### Data segment:
-*-

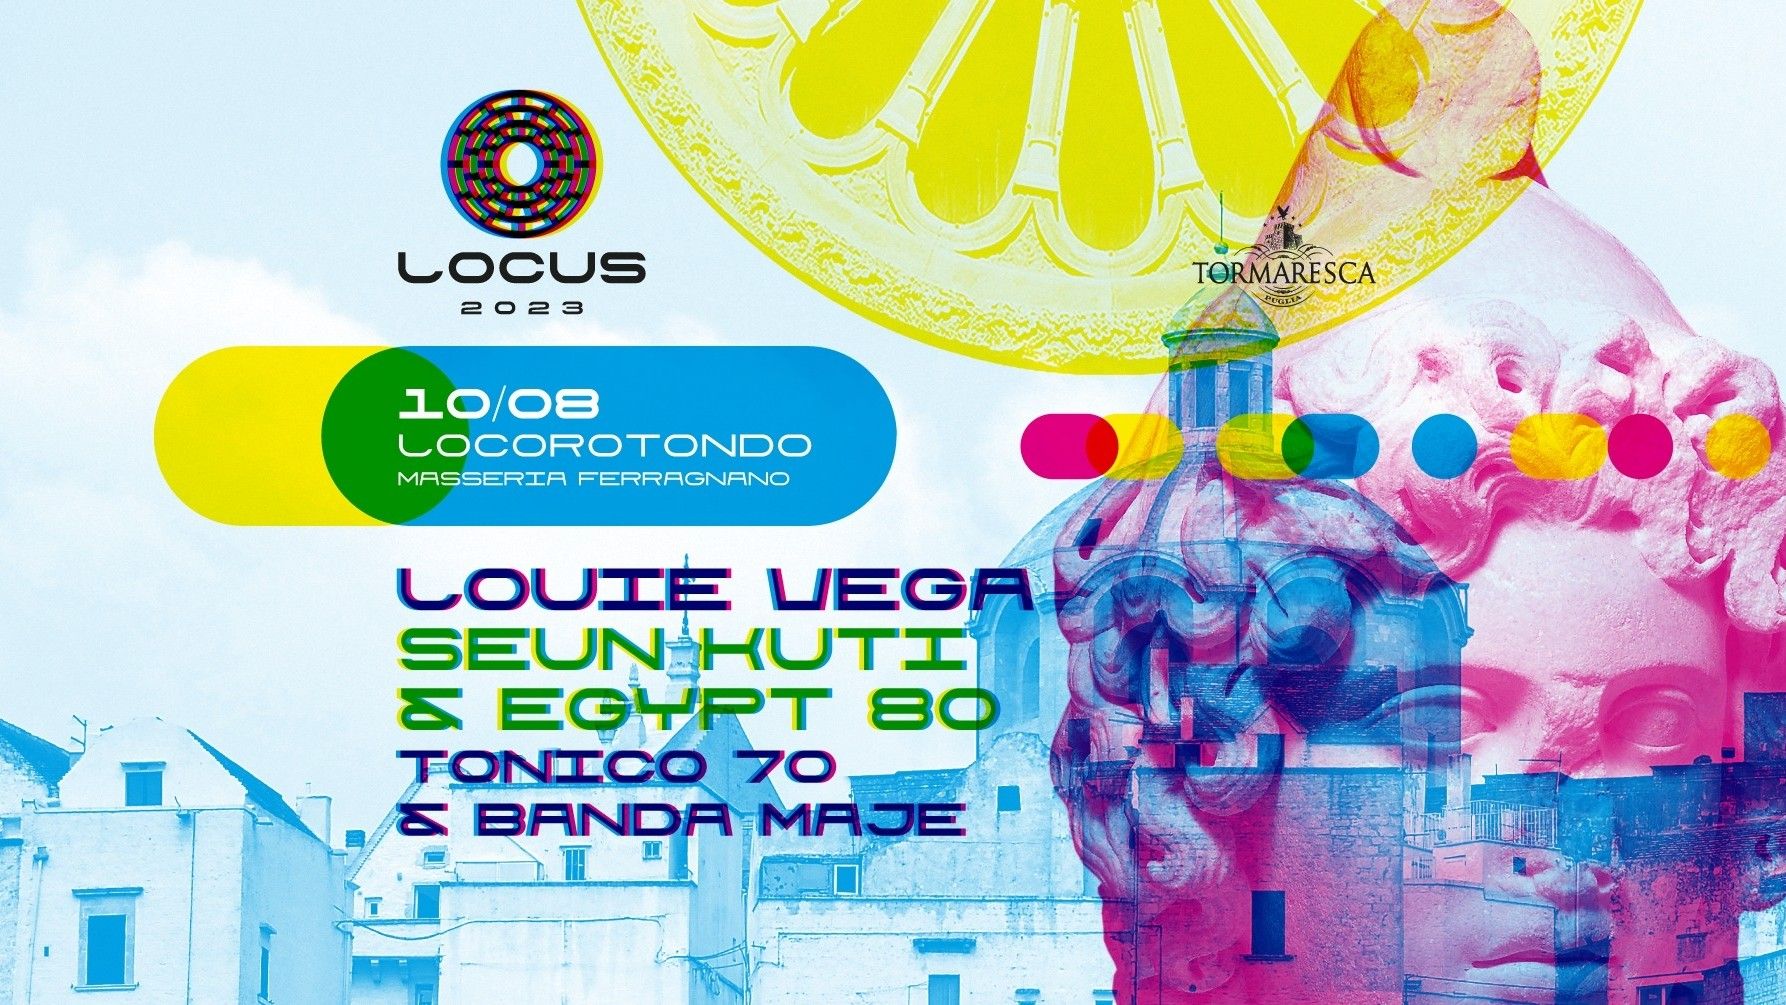 Locus festival: Louie Vega, Seun Kuti, Tonico 70
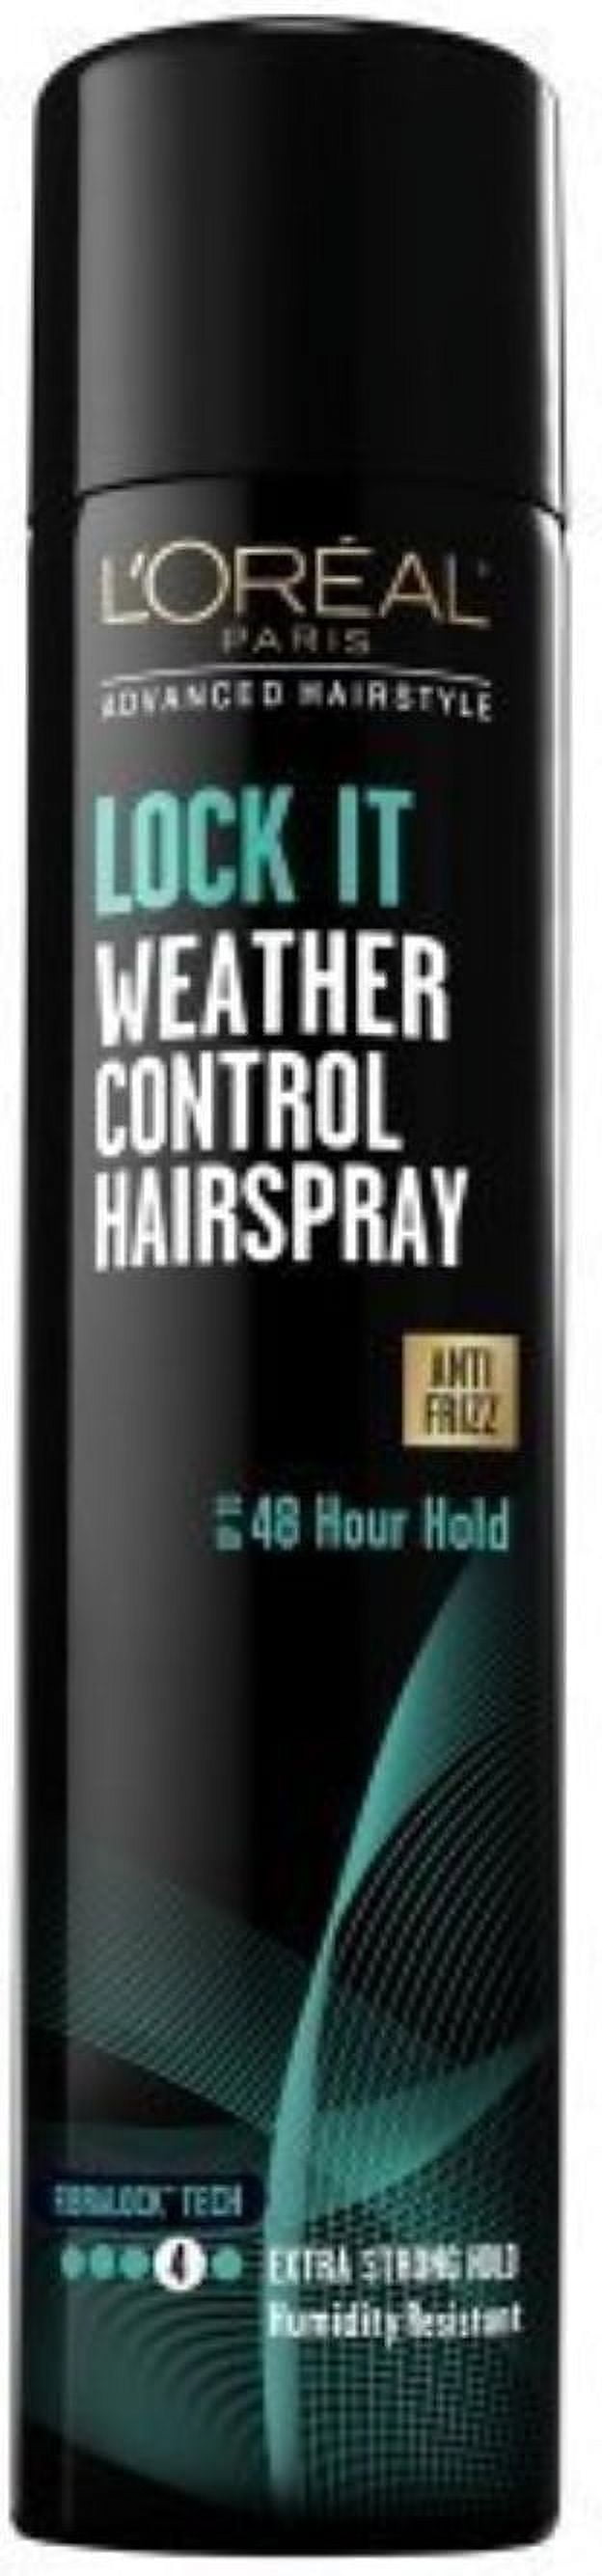 L'Oreal Paris Elnett Satin Extra Strong Hold Hairspray, Humidity Resistant,  2.2 fl oz 
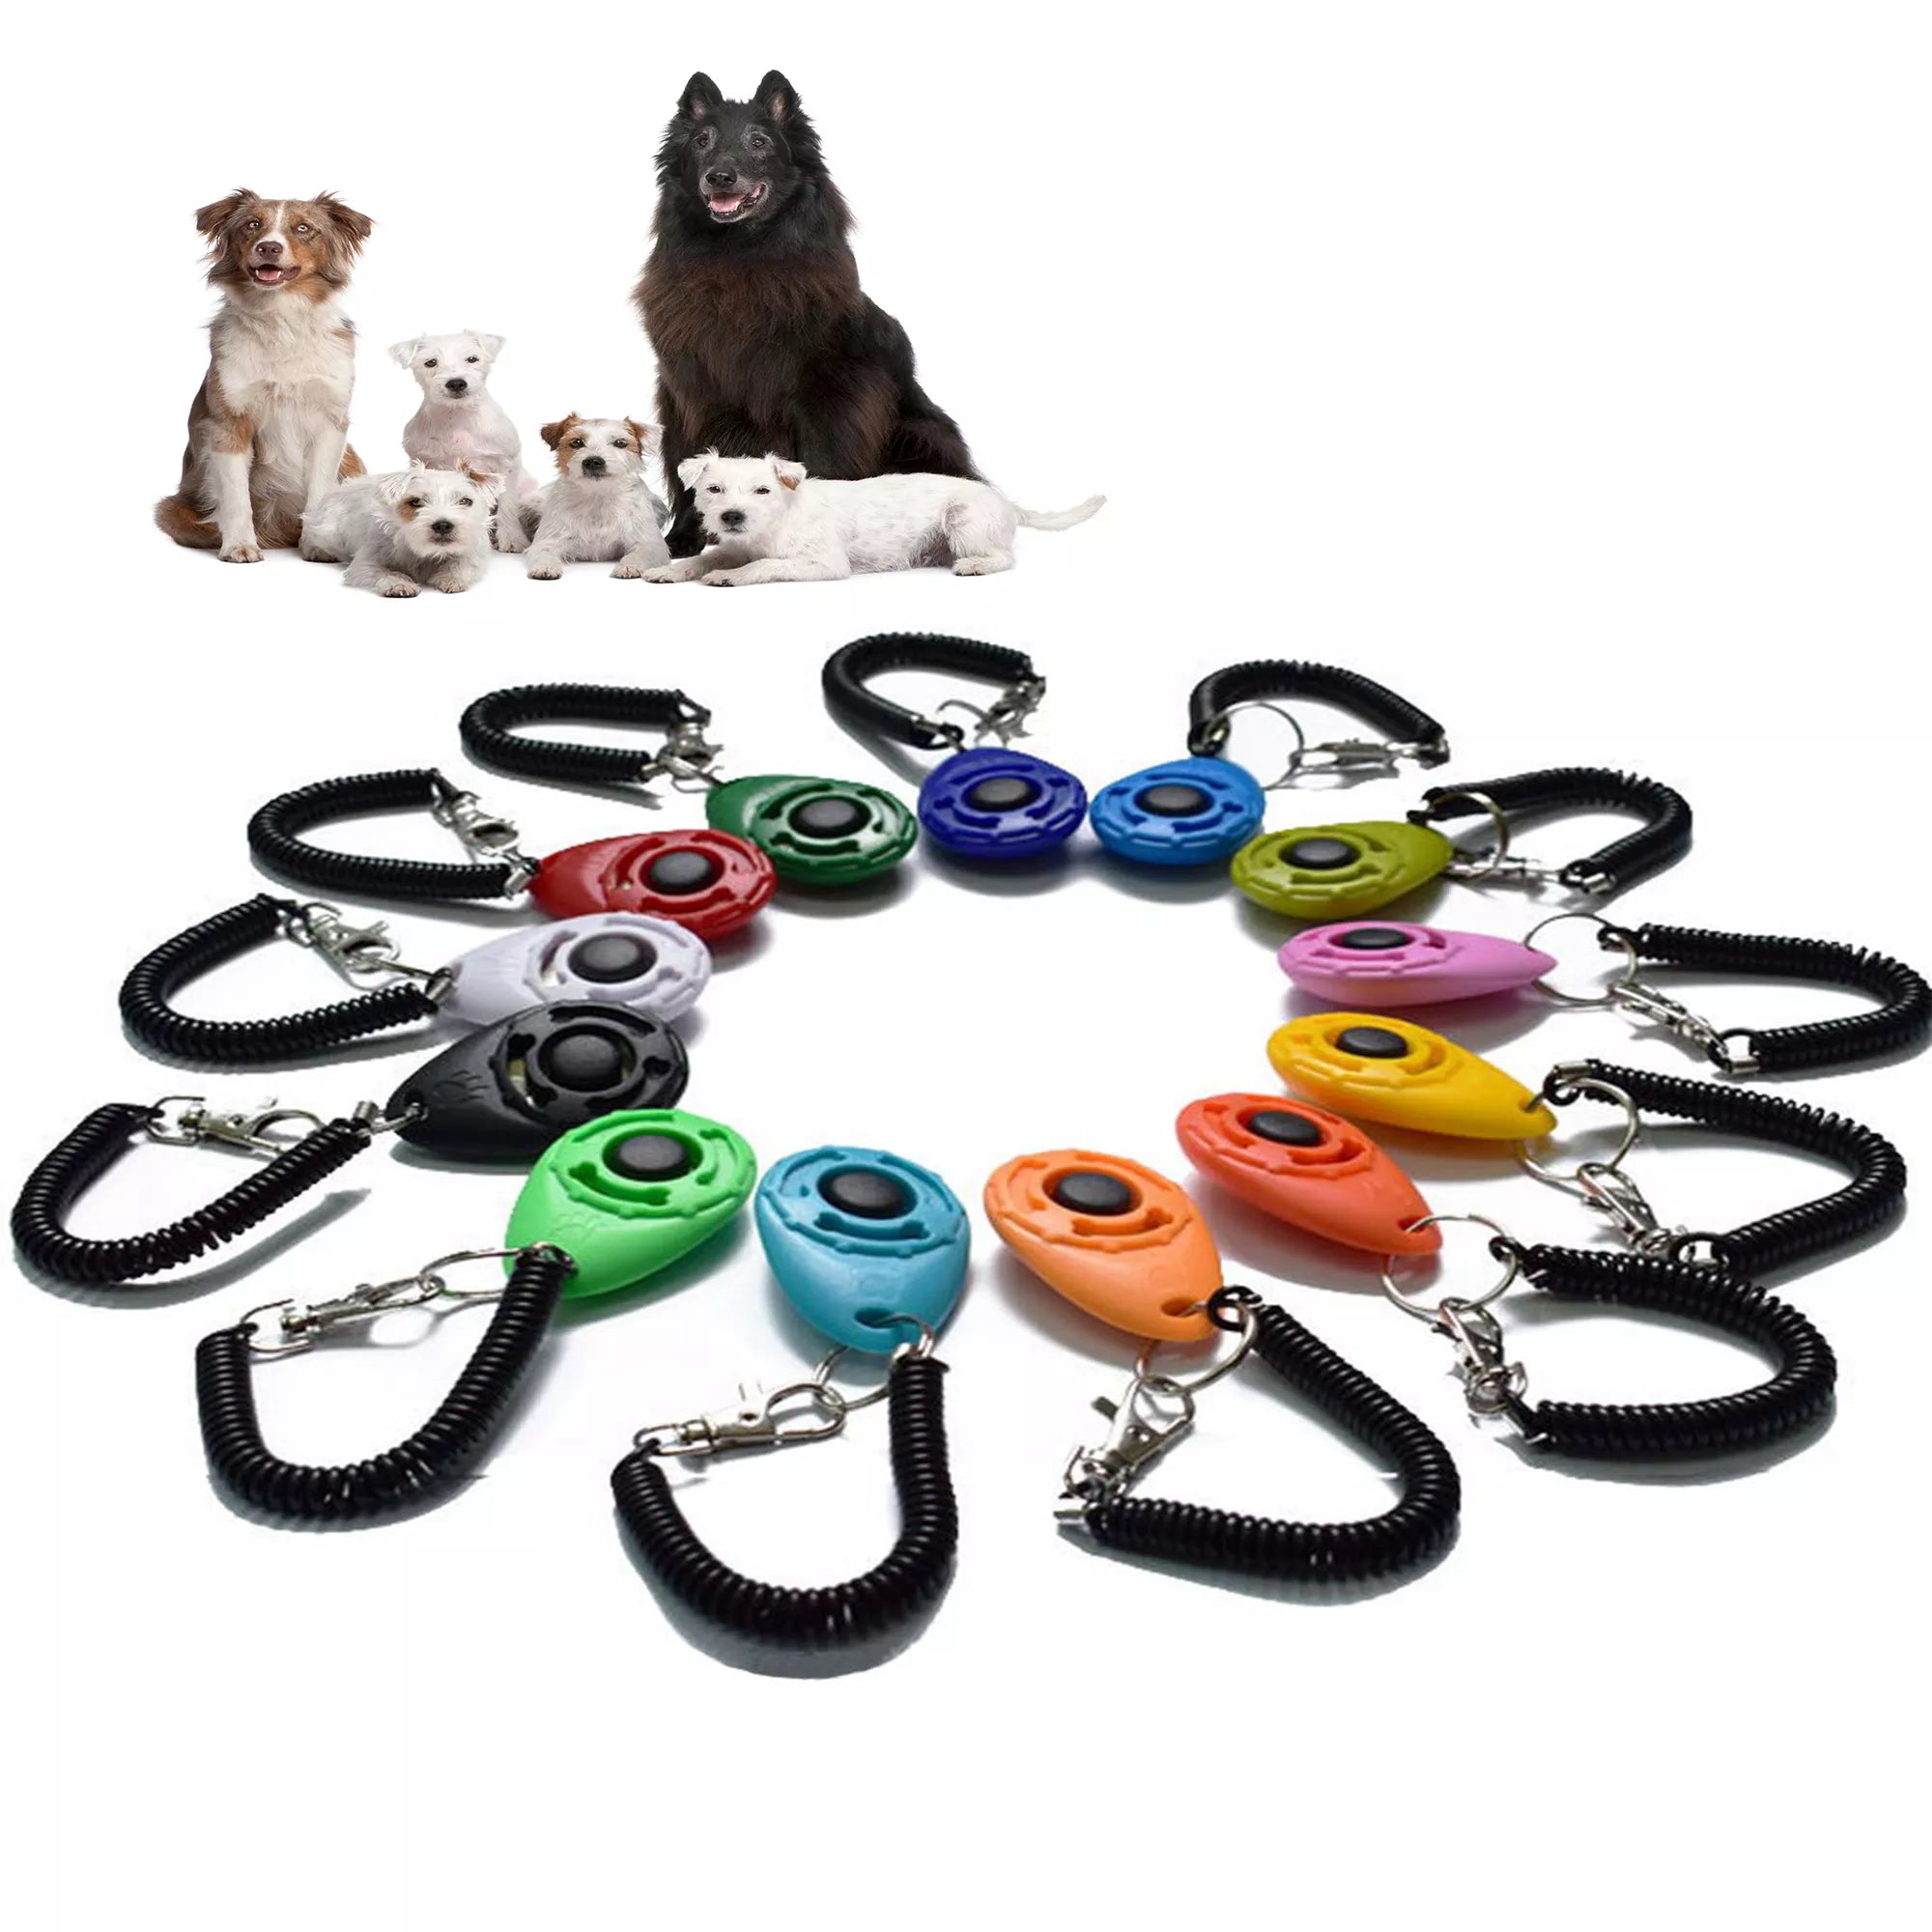 Dog Clicker Training Tool: Effective Pet Trainer Aid with Adjustable Wrist Strap  petlums.com

-*-

All that is needed is the lines from the line holding "L'Oreal Paris Elnett" to the final line of the listing above, repeated exactly, pictures excluded.

 L'Oreal Paris Elnett Satin Extra Strong Hold Hairspray, Humidity Resistant,  2.2 fl oz 
 Dog Clicker Training Tool: Effective Pet Trainer Aid with Adjustable Wrist Strap  petlums.com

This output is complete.